We can use the sliding window technique with a frequency counter, rather than trying every possible substring permutation (which would be too slow for large inputs).

Key Idea:

  1. If a permutation of s1 is a substring of s2, both strings must have the same character frequencies for the letters present in s1.
  2. We can use a sliding window of length s1 over s2 to check if the substring within the window is a permutation of s1.

Steps:

Algorithm:

  1. Create a frequency array (count1) for s1.
  2. Use another frequency array (count2) for the current window in s2.
  3. Slide the window over s2 and update the frequency array for the window as you move.
  4. If the frequency arrays match at any point, return true.
  5. If you slide through all of s2 without finding a match, return false.

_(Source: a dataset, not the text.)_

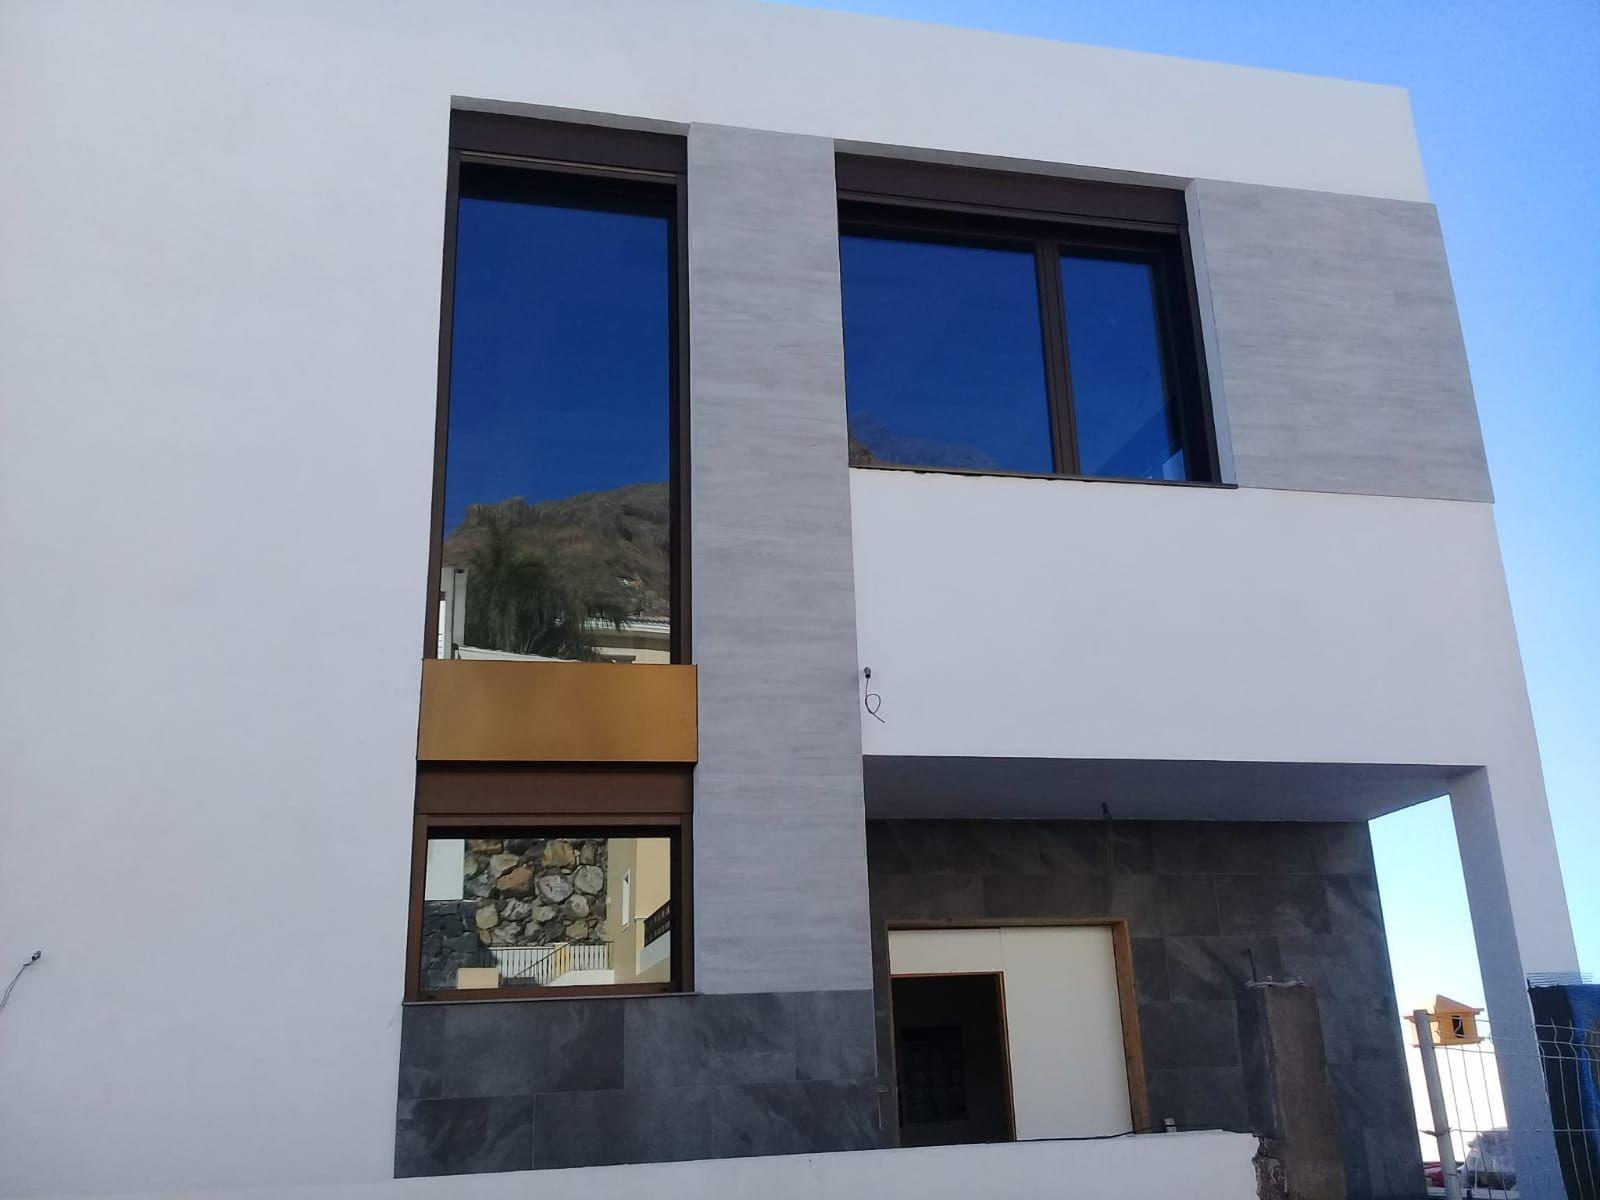 Foto 37 de Carpintería de aluminio, metálica y PVC en La Matanza | Namiju Aluminios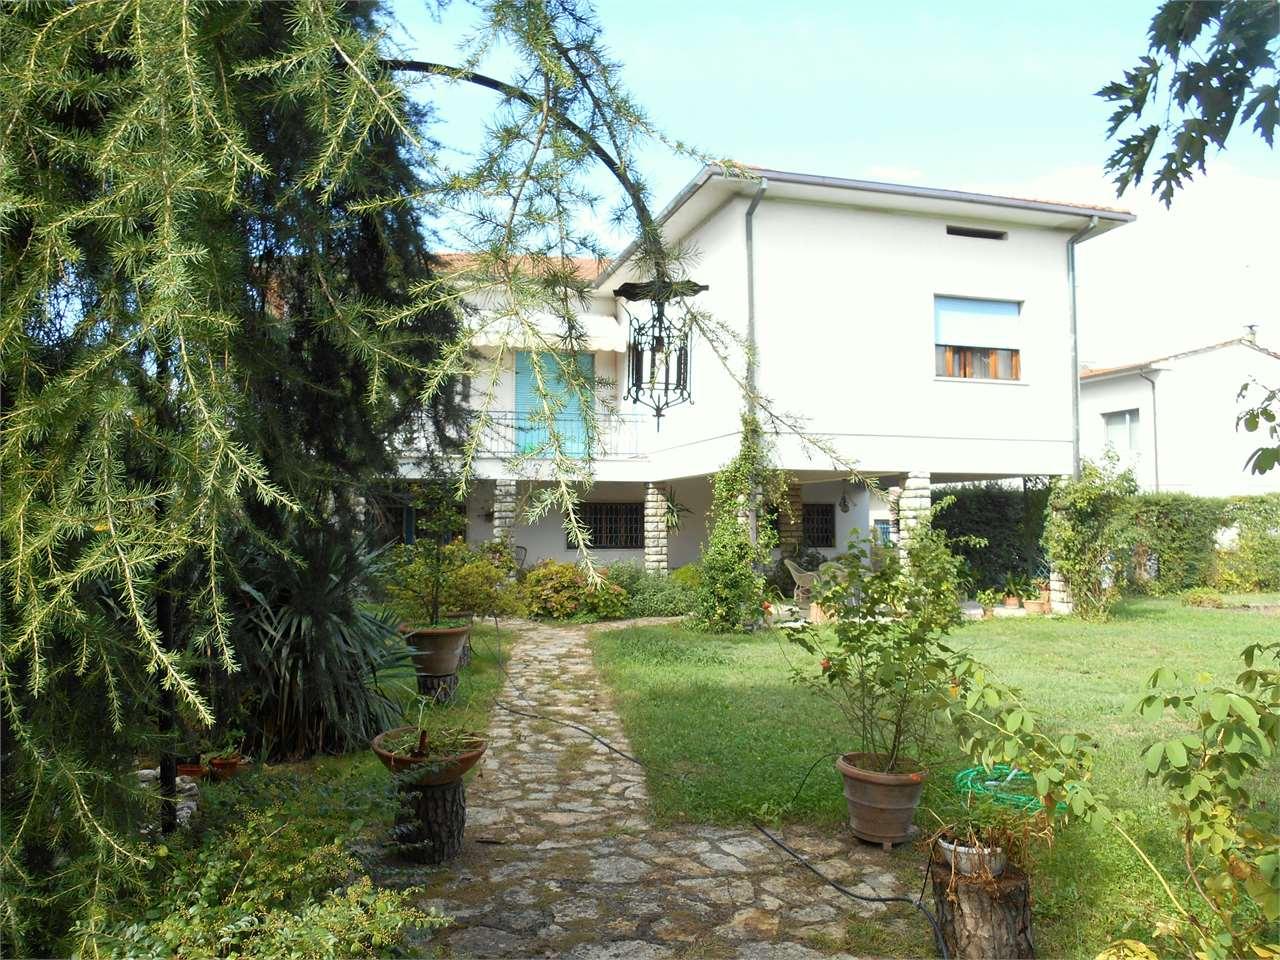 Villa in vendita a Lucca, 11 locali, prezzo € 410.000 | Cambio Casa.it

Let's implement this solution in PHP: 567. Permutation in String

<?php
/**
 * @param String $s1
 * @param String $s2
 * @return Boolean
 */
function checkInclusion($s1, $s2) {
    $len1 = strlen($s1);
    $len2 = strlen($s2);

    // If s1 is longer than s2, s2 can't contain any permutation of s1
    if ($len1 > $len2) {
        return false;
    }

    // Initialize frequency arrays for s1 and the current window of s2
    $count1 = array_fill(0, 26, 0);
    $count2 = array_fill(0, 26, 0);

    // Fill the count array for s1 and the first window of s2
    for ($i = 0; $i < $len1; $i++) {
        $count1[ord($s1[$i]) - ord('a')]++;
        $count2[ord($s2[$i]) - ord('a')]++;
    }

    // Check if the first window matches
    if ($count1 == $count2) {
        return true;
    }

    // Start sliding the window
    for ($i = $len1; $i < $len2; $i++) {
        // Add the current character to the window
        $count2[ord($s2[$i]) - ord('a')]++;

        // Remove the character that is left out of the window
        $count2[ord($s2[$i - $len1]) - ord('a')]--;

        // Check if the window matches
        if ($count1 == $count2) {
            return true;
        }
    }

    // If no matching window was found, return false
    return false;
}

// Example usage
$s1 = "ab";
$s2 = "eidbaooo";
echo checkInclusion($s1, $s2) ? "true" : "false"; // Output: true
?>

Explanation:

  1. Frequency Arrays:

    • We use two arrays (count1 for s1 and count2 for the sliding window in s2) of size 26, corresponding to the 26 lowercase letters.
    • Each array keeps track of how many times each character appears.
  2. Sliding Window:

    • We first initialize the frequency of the first window (the first len1 characters of s2) and compare it to count1.
    • Then, we slide the window one character at a time. For each step, we update the frequency array by:
      • Adding the character that is entering the window.
      • Removing the character that is leaving the window.
    • After each slide, we compare the two frequency arrays.
  3. Efficiency:

    • Instead of recalculating the frequency for every new window, we efficiently update the frequency array by adjusting just two characters.
    • This gives an overall time complexity of O(n), where n is the length of s2.

Time and Space Complexity:

This approach ensures that the solution is efficient even for larger inputs.